STT Backends¶
VoiceLayer supports two speech-to-text backends with automatic detection. Local processing via whisper.cpp is preferred; Wispr Flow provides a cloud fallback.
Backend Comparison¶
| Feature | whisper.cpp | Wispr Flow |
|---|---|---|
| Type | Local | Cloud |
| Speed | ~200-400ms (Apple Silicon) | ~500ms + network latency |
| Privacy | Audio never leaves your machine | Audio sent to Wispr API |
| Cost | Free | Requires API key |
| Setup | brew install whisper-cpp + model |
Set QA_VOICE_WISPR_KEY |
| Quality | Excellent (large-v3-turbo) | Good |
| Offline | Yes | No |
whisper.cpp (Recommended)¶
Installation¶
# macOS (Homebrew)
brew install whisper-cpp
# Linux — build from source
git clone https://github.com/ggerganov/whisper.cpp
cd whisper.cpp && make
sudo cp main /usr/local/bin/whisper-cpp
Model Download¶
mkdir -p ~/.cache/whisper
# Large v3 Turbo — best balance of speed and accuracy
curl -L -o ~/.cache/whisper/ggml-large-v3-turbo.bin \
https://huggingface.co/ggerganov/whisper.cpp/resolve/main/ggml-large-v3-turbo.bin
Model comparison:
| Model | Size | Speed (M1 Pro) | Accuracy |
|---|---|---|---|
ggml-large-v3-turbo |
1.6 GB | ~200-400ms | Best |
ggml-large-v3-turbo-q5_0 |
~1 GB | ~150-300ms | Very good |
ggml-base.en |
148 MB | ~50-100ms | Good (English only) |
ggml-small.en |
488 MB | ~100-200ms | Better (English only) |
Auto-Detection¶
VoiceLayer scans ~/.cache/whisper/ for GGML model files in priority order:
ggml-large-v3-turbo.binggml-large-v3-turbo-q5_0.binggml-base.en.binggml-base.binggml-small.en.binggml-small.bin- Any other
ggml-*.binfile
Override with QA_VOICE_WHISPER_MODEL=/path/to/model.bin.
Metal Acceleration¶
On macOS with Apple Silicon, whisper.cpp automatically uses Metal (GPU) acceleration. VoiceLayer detects the Homebrew prefix and sets GGML_METAL_PATH_RESOURCES so Metal shaders are found correctly.
Transcription Flags¶
VoiceLayer runs whisper.cpp with:
--no-timestamps— clean text output without[00:00.000 --> 00:05.000]markers-l en— English language--no-prints— suppress progress output (stderr only)

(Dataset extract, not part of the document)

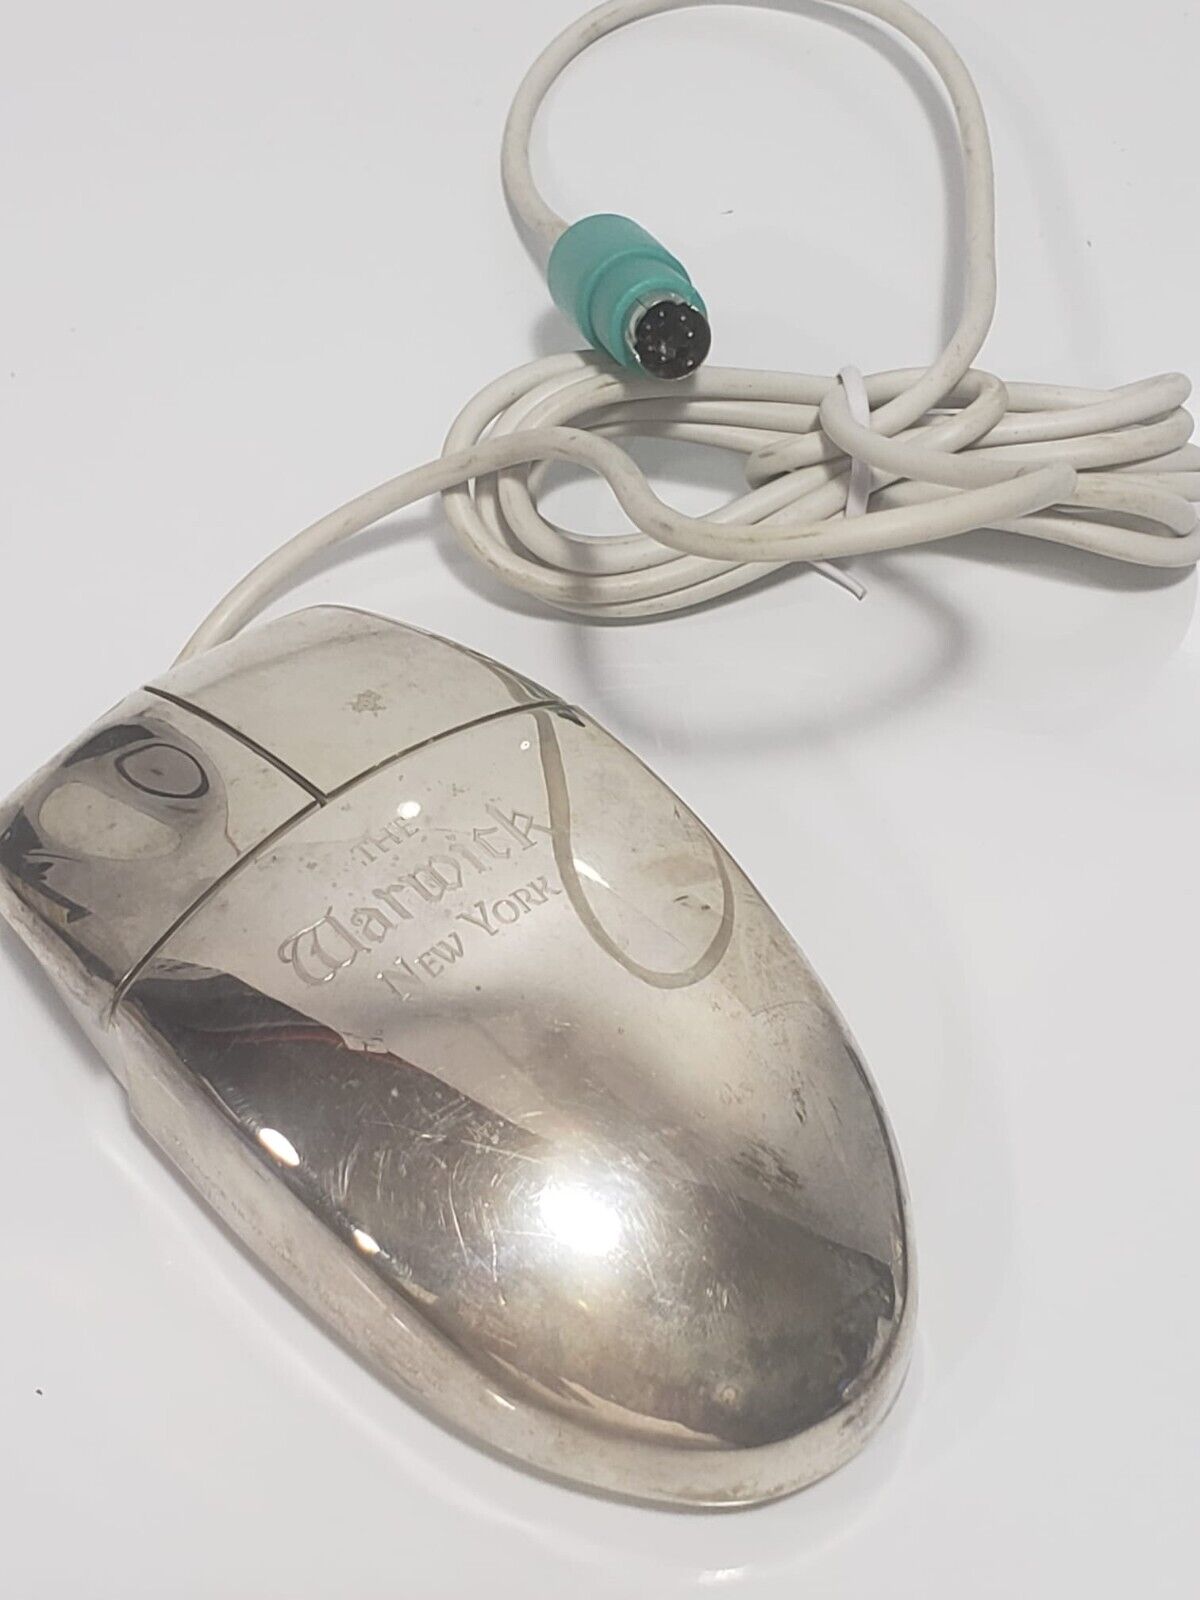 Rare Vintage 'The Warwick New York' PS/2 Mouse Silver Plated Model MUO6P

Wispr Flow (Cloud Fallback)¶
Setup¶
- Get an API key from Wispr Flow
- Set the environment variable:
Or in your MCP config:
How It Works¶
- Recorded WAV audio is read into memory
- WAV header is stripped (44 bytes) to get raw PCM
- PCM is sent in 1-second chunks over WebSocket to Wispr API
- Each chunk includes base64 audio + RMS volume level
- A
commitmessage signals end of audio - Wispr returns transcribed text
- 30-second timeout prevents hangs
Privacy consideration
Wispr Flow sends audio data to their cloud API. For sensitive conversations, use whisper.cpp (local) instead.
Backend Selection¶
Automatic (Default)¶
# No config needed — whisper.cpp if available, else Wispr Flow
QA_VOICE_STT_BACKEND=auto # this is the default
Force whisper.cpp¶
Fails with a clear error if whisper.cpp binary or model isn't found.
Force Wispr Flow¶
Fails with a clear error if QA_VOICE_WISPR_KEY isn't set.
STT Result Format¶
Both backends return the same structure:
interface STTResult {
text: string; // Transcribed text
backend: string; // "whisper.cpp" or "wispr-flow"
durationMs: number; // Transcription time in milliseconds
}
The backend name and duration are logged to stderr for debugging.